Il ne suffit pas, pour qu’émergent les nouvelles hypothèses et pensées dont nous avons besoin, que certains aillent à l’école et fassent de grandes études. Il faut aussi que des chercheurs instruits se proposent de se mettre à l’école de la vie et de la pensée des gens. Nous suivons en cela la remarquable proposition d’un vieil ami ouvrier malien, montrant d’un coup à tous, le chemin à suivre : « Celui qui a lu tous les livres, et celui qui a voyagé cent pays, ceux-là peuvent se rencontrer et travailler ensemble ».
L’Ecole des Actes réunit aussi bien des gens qui ont une longue et solide formation intellectuelle ou qui y aspirent – y compris parmi celles et ceux qui arrivent de loin - que des gens qui n’ont fait aucune étude et n’ont même souvent jamais fréquenté une école de leur vie et qui recèlent pourtant dans leur expérience du réel de puissantes intuitions conductrices quant à la manière dont doivent être réexaminées tout un ensemble de questions de la vie collective.
Les vrais problèmes de pensée du contemporain sont toujours enracinés dans un principe de désintéressement. Le seul intérêt que sert la recherche est alors l’intérêt de tous, et son travail constitue en ce sens un point d’appui possible, une ressource disponible pour tout ce qui travaille sérieusement à l’émancipation du genre humain. Le contemporain est à ce titre un universel présent, on pourrait dire qu’il s’agit du contemporain comme principe, et tout travail intellectuel doit avoir, pour ne pas être mort-né, ou pour ne pas se réduire au pur statut de technique savante spécialisée, le sens de l’universel présent.
En quoi consiste-t-il ? Précisément, tout du moins pour ce qui concerne les intellectualités générales qui croisent dans leur champ les questions de la politique, en la rencontre prolongée, dans une figure de travail commun et d’intellectualité partagée, avec « les gens qui ont voyagé cent pays », ou plus généralement les populations qui, par la façon dont sont mises en péril les lois de leur existence, sont directement aux prises avec la violence intrinsèque du réel de ce monde.

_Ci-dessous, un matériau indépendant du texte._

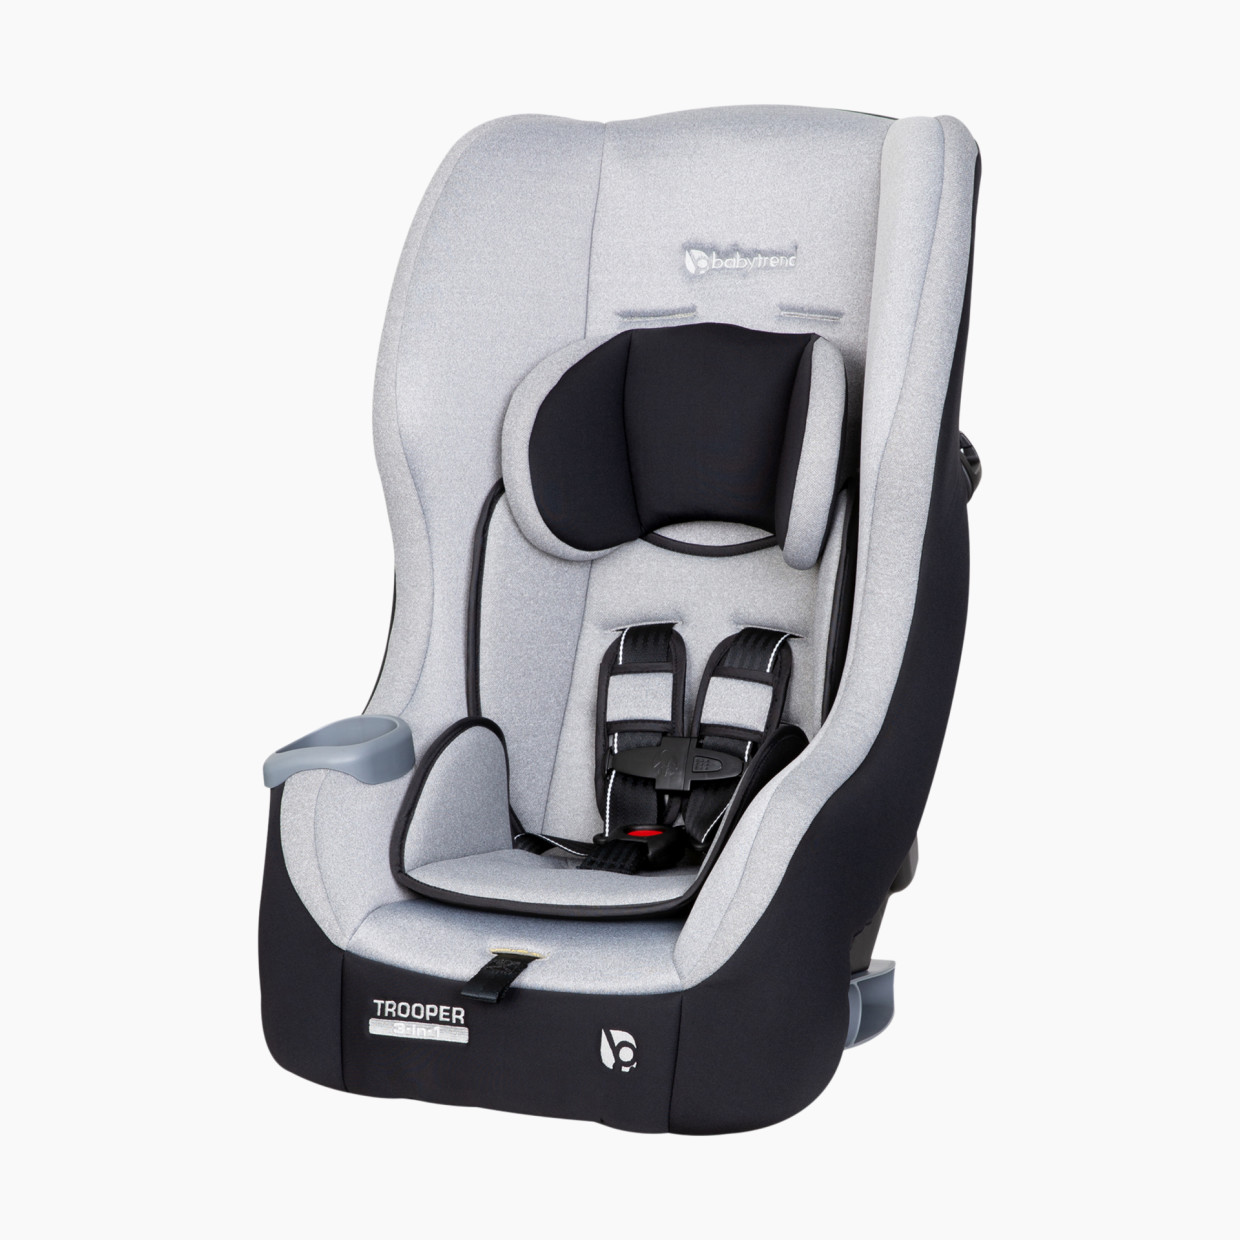 Baby Trend Trooper 3-in-1 Convertible Car Seat - Moondust.

Toute intellectualité générale se fonde au croisement d’un problème nouveau enraciné dans le contemporain (problème qui n’est évidemment pas nécessairement de nature politique), faisant ainsi figure d’enjeu universel d’époque, et d’un ensemble d’inventions et de découvertes exigé par la confrontation avec l’inconnu nouveau, et qui ne saurait être investigué à l’aide des seuls opérateurs d’intellectualité déjà disponibles.
La force de l’Ecole des Actes, c’est de constituer un « intellectuel collectif », c’est-à-dire un lieu où intellectuels, étudiants, artistes, ouvriers, travailleurs manuels, hommes, femmes, jeunes, vieux, sont à égalité, en ce sens qu’ils détiennent chacun une part de l’intellectualité commune à fonder. Une telle intellectualité, réunissant dans une même figure partagée ce qu’on pourrait appeler les deux grands pôles où se réalise depuis toujours la condition humaine dans sa radicalité, nous paraît pouvoir constituer aujourd’hui une ressource nouvelle et forte pour l’action collective.
D’une part chacun apporte aux autres des connaissances qu’ils n’ont pas : il s’agit de se nourrir à la fois des plus hautes spéculations dont l’histoire de la pensée humaine s’est rendue capable, et de la pensée qui s’enracine dans les plus profondes expériences du réel du monde contemporain.
D’autre part, de cette réunion peut naître une intellectualité nouvelle, car il ne s’agit pas seulement d’additionner des savoirs : de cette rencontre, de ce travail en commun émergent, et c’est là la force de ce lieu, de nouvelles connaissances, de nouvelles propositions, qui ne préexistent pas à cette rencontre, et qui ne pourraient pas exister sans cette réunion.